As shown in FIG. 2, the moving means 40A is provided with a bogie 42A, and four swinging casters 41A are provided at four corners below; four rotating motors 44A are supported by the casters 41A, and the driving is performed. The driving device of the wheel 43A of the caster 41A; the four steering means 45A steer each caster 41A; the holding portion 46A is provided in the trolley 42A and can be held by the transport means 7; the positioning pin 47A is protruded from the trolley 42A. The mode setting means and the positioning means 48A recognize the position of the first frame housing means 3A.

The steering device 45A includes a linear motion motor 451A that supports a driving device in which the trolley 42A is swingable, and an output shaft 452A of each linear motion motor 451A rotatably and a shaft 411A that protrudes from each caster 41A. link.

The positioning pin 47A is provided in a shape in which the tip end is tapered, and is inserted into the positioning hole 12 formed in the frame opening 10, whereby the first frame housing means 3A can be positioned and fixed at a predetermined position.

The positioning means 48A receives the predetermined signal such as a radio wave, an acoustic wave, and a magnetic field transmitted by the transmitting means OP by the receiving means 481A provided in the bogie 42A, and the information or offset of the predetermined signal received by the receiving means 481A. The predetermined processing is performed, whereby the receiving means 481A recognizes its current position, and the transmitting means OP is provided at a predetermined plurality of locations (two locations in FIG. 1). As the positioning means 48A, in addition to GPS (Global) The positioning means may be exemplified by the following means: the transmitting means OP receives the predetermined signal transmitted by the receiving means 481A, and the transmitting means OP transmits the signal or the signal based on the signal to the receiving means 481A again.
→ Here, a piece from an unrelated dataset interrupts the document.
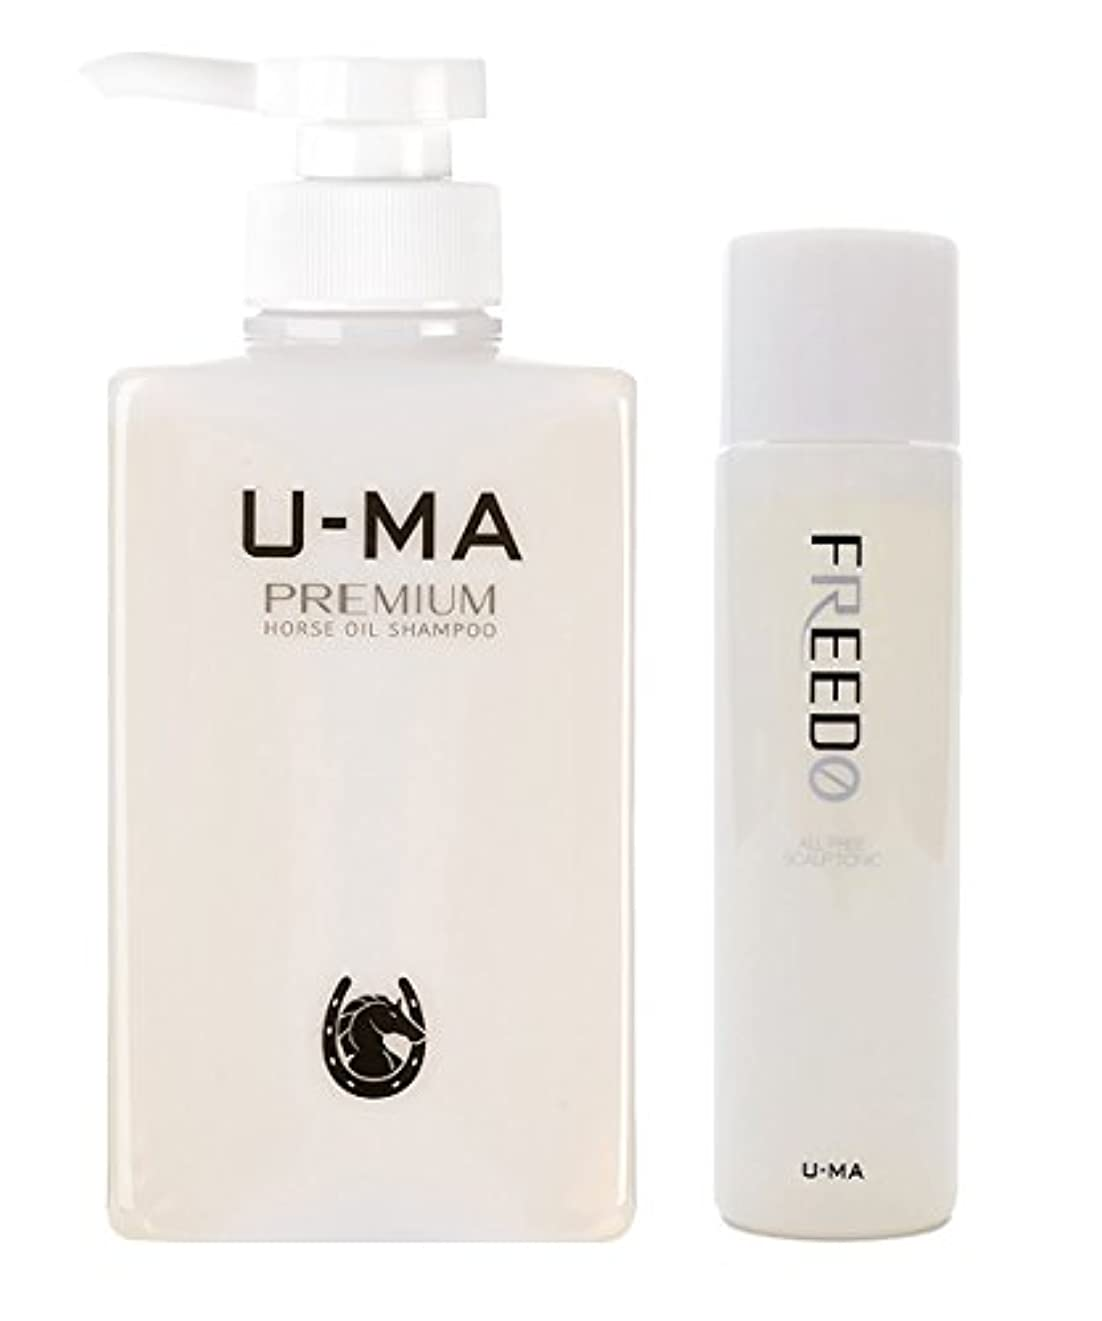 辞任する証明書冷淡なU-MA ウーマシャンプープレミアム 300ml (約2ヶ月分) & 薬用 育毛剤 フリード 150ml (約2ヶ月分)

The predetermined signal received by the receiving means 481A is subjected to predetermined processing, whereby the receiving means 481A recognizes its current position.

As shown in FIG. 1, the second frame housing means 3B has the same configuration as the first frame housing means 3A, and can be described by replacing the symbol at the end A of the first frame housing means 3A with B. Its description.

Further, a first detecting means 5A and a second detecting means 5B each composed of an optical sensor, a contact sensor, an imaging means, and the like are provided behind the first and second frame housing means 3A, 3B; The detecting means 5A and the second detecting means 5B detect the upper surface of the uppermost annular frame RF and position the uppermost annular frame RF at a predetermined position.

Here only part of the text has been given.